1 Introduction
As one of the major chronic diseases, diabetes has brought a huge healthcare burden to healthcare systems worldwide. According to the latest data from the International Diabetes Federation, approximately 463 million (9.3%) people suffered from diabetes in 2019, and the prevalence will rise to 578 million (10.2%) by 2030 and 700 million (10.9%) by 2045.[1] Type 2 diabetes mellitus (T2DM), which is the main type of diabetes, has become a major public concern worldwide, it is estimated to account for more than 90% of all case of diabetes.[2] Most patients with T2DM have at least 1 complication, mainly microvascular and macrovascular complications. Among them, cardiovascular complications are the leading cause of morbidity and mortality in T2DM patients.[3] The pathogenesis of T2DM remains inconclusive. Nationwide studies have shown that genetics and environmental effects play a significant role.[4] Lifestyle factors, particularly factors associated with obesity, also contribute significantly to the onset and development of T2DM.[5]
During the past decade, accumulated evidences have supported an increasingly more important role of gut microbiota in obesity, glycemic control, and T2DM.[6] Gut microbiota, which comprise a complex ecological community in the human body, play a vital physiological role in biological processes such as digestion, vitamin synthesis, and metabolism amongst others.[7] Modern pharmacology studies have revealed that the mechanisms of diabetes have a close relationship with gut microbiota, including the aspects of short-chain fatty acid (SCFA) production, endotoxemia, low-grade inflammation, intestinal mucosal permeability changes, interaction with bile acids, brown adipose tissue, and therapeutic effects of some hypoglycemic agents.[8–10]
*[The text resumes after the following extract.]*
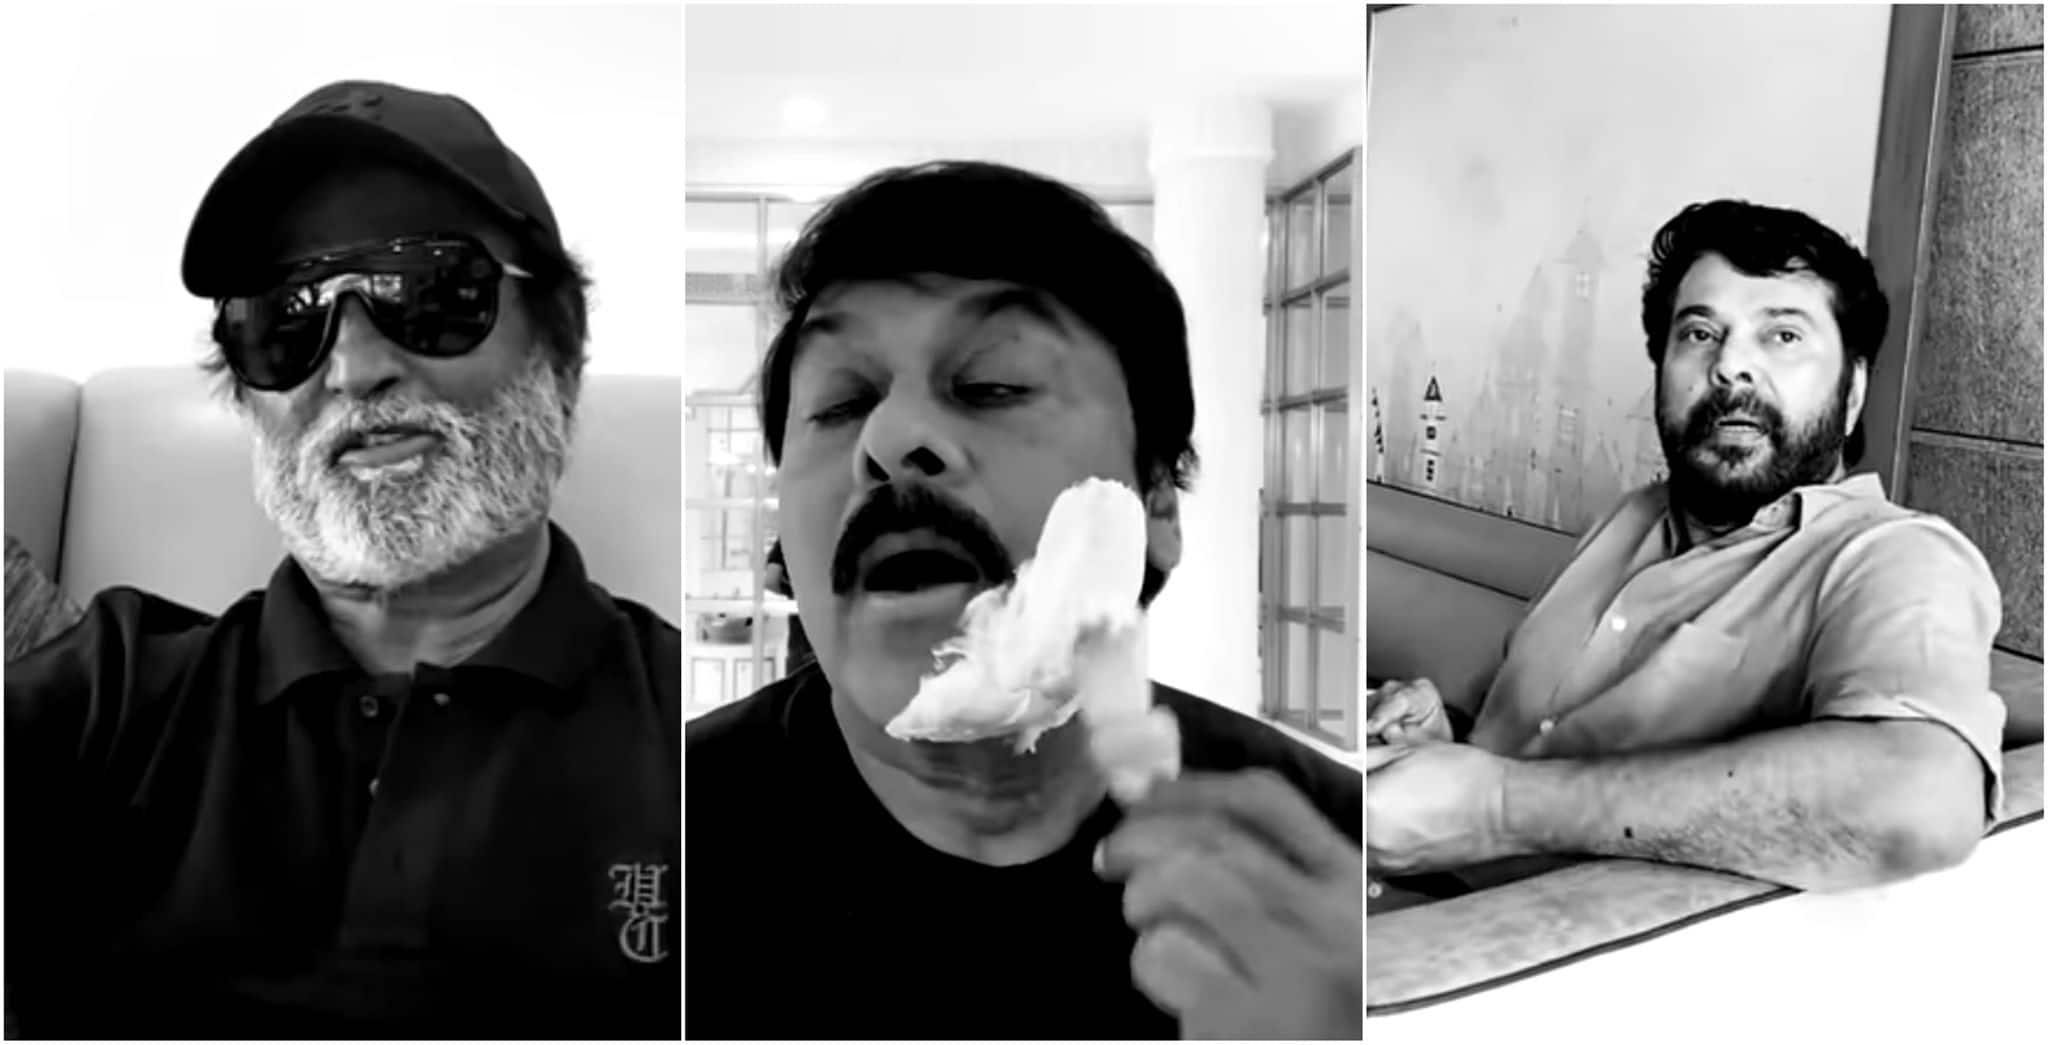 Family: Amitabh, Rajinikanth, Ranbir, Priyanka And Diljit's Made-At-Home Short Film Has A Very Interesting Message Regarding COVID-19; Watch

Traditional Chinese medicine (TCM), which has a history of thousands of years in China, is the primary branch of the alternative and complementary medicine and the unique cultural treasure for the Chinese. From ancient times to the present, TCM has accumulated rich clinical experience in the treatment of T2DM. A large amount of studies have shown that TCM has the capacity of lowering blood glucose, improving inflammation and modulating gut microbiota.[11–13] Chinese herbal medicine (CHM), the main component of TCM, is usually rich in fiber and phytochemicals. When an anti-diabetic CHM is taken orally, its bioactive components are absorbed in the intestine and change the composition of gut microbiota, including inhibiting pathogens such as Escherichia coli, and promoting beneficial bacteria such as Adlercreutzia, Alloprevotella, Fecalibacterium prausnitzii, Lactobacillus, and Bifidobacterium.[14–17] In addition, CHM can improve blood glucose through affecting the metabolites of gut microbiota. For instance, they can increase SCFA production, and an increasing SCFA level is closely related to GLP-1 secretion and energy metabolism.[18,19]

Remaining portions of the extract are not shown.